Correlation Between Ennis and Steelcase
Can any of the company-specific risk be diversified away by investing in both Ennis and Steelcase at the same time? Although using a correlation coefficient on its own may not help to predict future stock returns, this module helps to understand the diversifiable risk of combining Ennis and Steelcase into the same portfolio, which is an essential part of the fundamental portfolio management process.
By analyzing existing cross correlation between Ennis Inc and Steelcase, you can compare the effects of market volatilities on Ennis and Steelcase and check how they will diversify away market risk if combined in the same portfolio for a given time horizon. You can also utilize pair trading strategies of matching a long position in Ennis with a short position of Steelcase. Check out your portfolio center. Please also check ongoing floating volatility patterns of Ennis and Steelcase.
Diversification Opportunities for Ennis and Steelcase
Modest diversification
The 3 months correlation between Ennis and Steelcase is 0.2. Overlapping area represents the amount of risk that can be diversified away by holding Ennis Inc and Steelcase in the same portfolio, assuming nothing else is changed. The correlation between historical prices or returns on Steelcase and Ennis is a relative statistical measure of the degree to which these equity instruments tend to move together. The correlation coefficient measures the extent to which returns on Ennis Inc are associated (or correlated) with Steelcase. Values of the correlation coefficient range from -1 to +1, where. The correlation of zero (0) is possible when the price movement of Steelcase has no effect on the direction of Ennis i.e., Ennis and Steelcase go up and down completely randomly.

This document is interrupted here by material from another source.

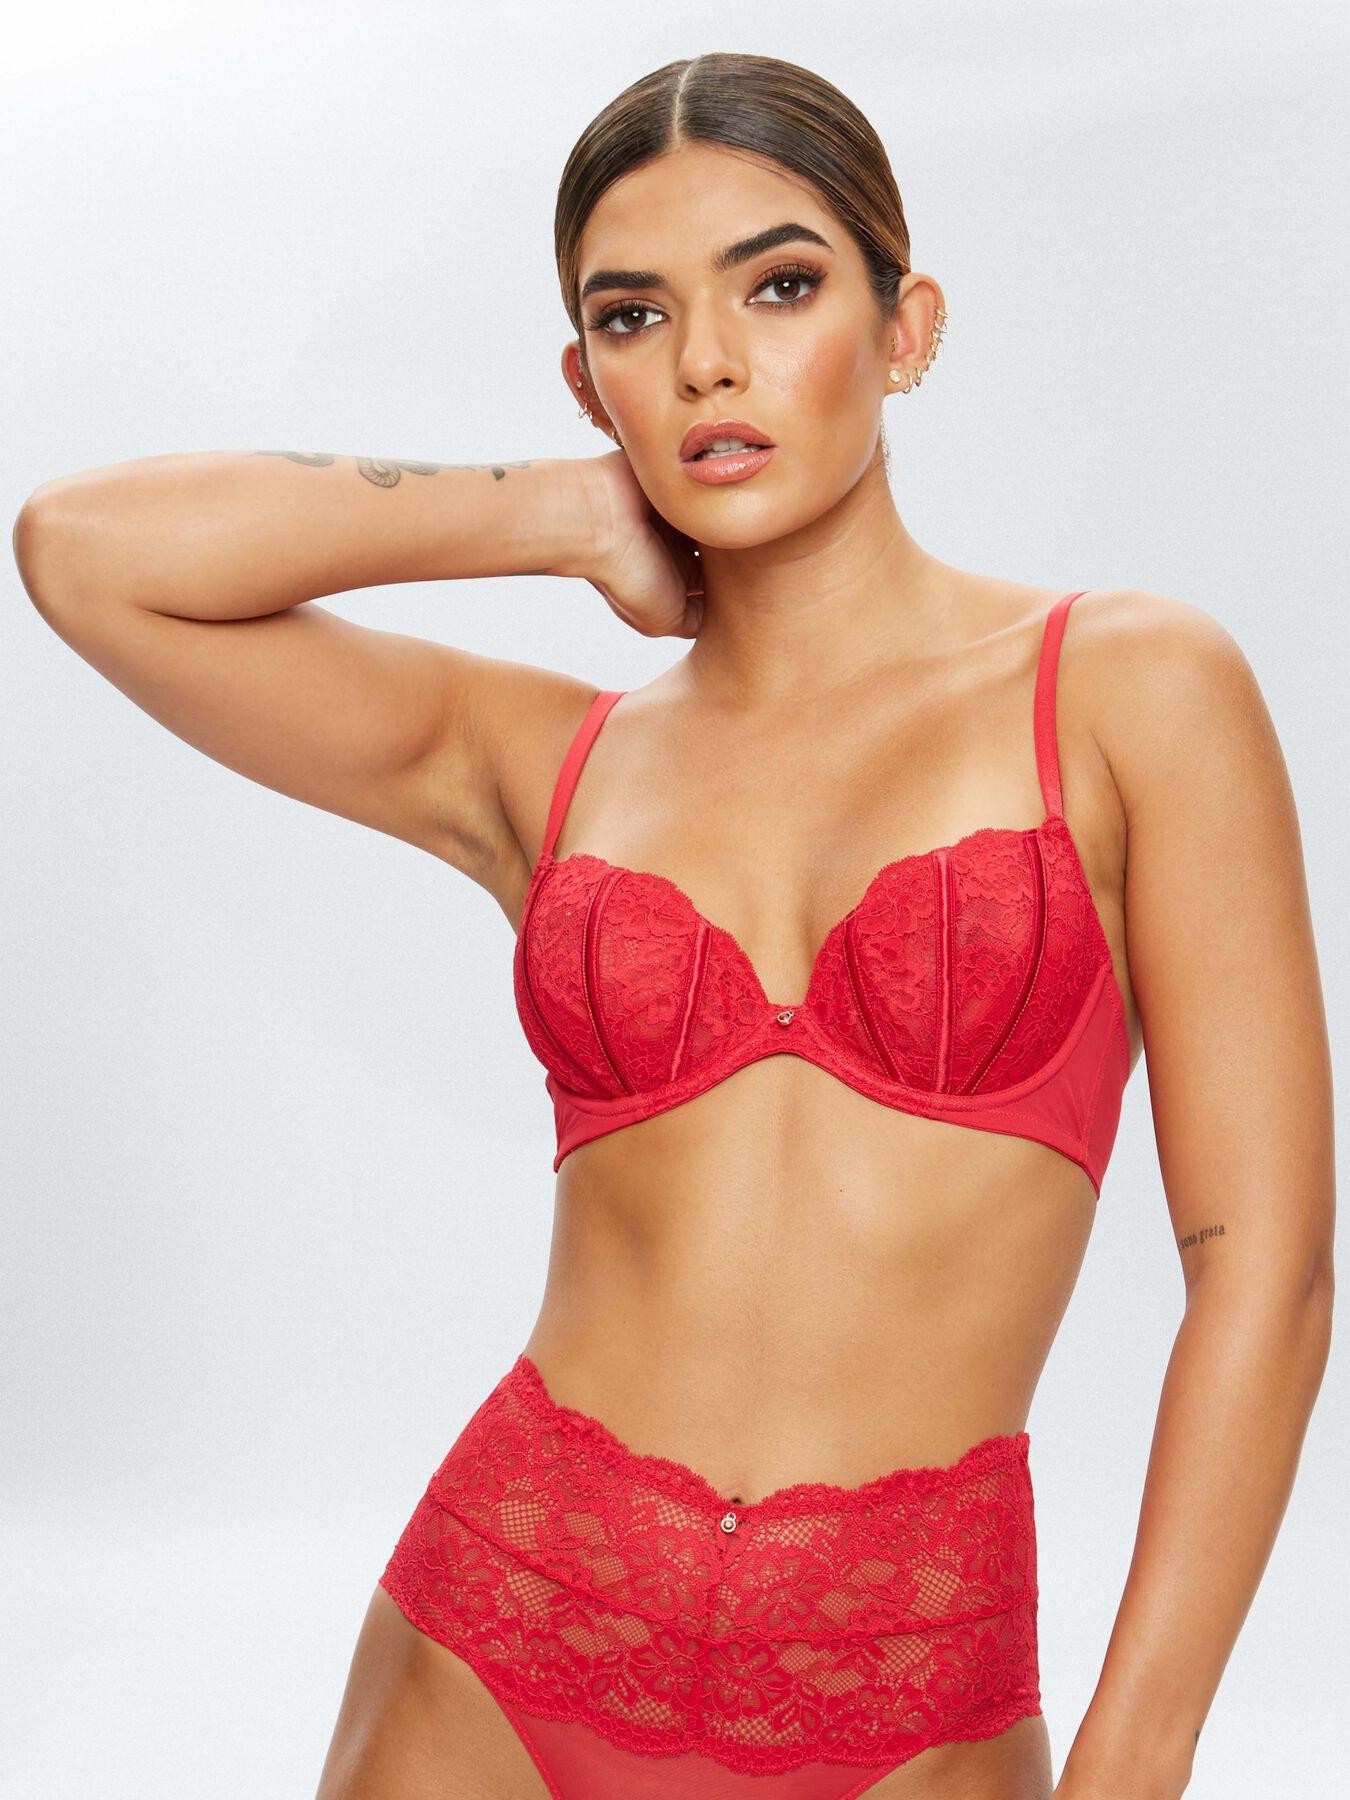 Ann Summers - - Ann Summers RED Lace Trim Satin Bra & Crotchless

Pair Corralation between Ennis and Steelcase
Considering the 90-day investment horizon Ennis is expected to generate 99.77 times less return on investment than Steelcase. But when comparing it to its historical volatility, Ennis Inc is 1.21 times less risky than Steelcase. It trades about 0.0 of its potential returns per unit of risk. Steelcase is currently generating about 0.12 of returns per unit of risk over similar time horizon. If you would invest 1,247 in Steelcase on August 24, 2024 and sell it today you would earn a total of 57.00 from holding Steelcase or generate 4.57% return on investment over 90 days.
Time Period | 3 Months [change] |
Direction | Moves Together |
Strength | Very Weak |
Accuracy | 100.0% |
Values | Daily Returns |
Ennis Inc vs. Steelcase
Performance |
Timeline |
Ennis Inc |
Steelcase |
Ennis and Steelcase Volatility Contrast
Predicted Return Density |
Returns |
Pair Trading with Ennis and Steelcase
The main advantage of trading using opposite Ennis and Steelcase positions is that it hedges away some unsystematic risk. Because of two separate transactions, even if Ennis position performs unexpectedly, Steelcase can make up some of the losses. Pair trading also minimizes risk from directional movements in the market. For example, if an entire industry or sector drops because of unexpected headlines, the short position in Steelcase will offset losses from the drop in Steelcase's long position.The idea behind Ennis Inc and Steelcase pairs trading is to make the combined position market-neutral, meaning the overall market's direction will not affect its win or loss (or potential downside or upside). This can be achieved by designing a pairs trade with two highly correlated stocks or equities that operate in a similar space or sector, making it possible to obtain profits through simple and relatively low-risk investment.Check out your portfolio center.Note that this page's information should be used as a complementary analysis to find the right mix of equity instruments to add to your existing portfolios or create a brand new portfolio. You can also try the Crypto Correlations module to use cryptocurrency correlation module to diversify your cryptocurrency portfolio across multiple coins.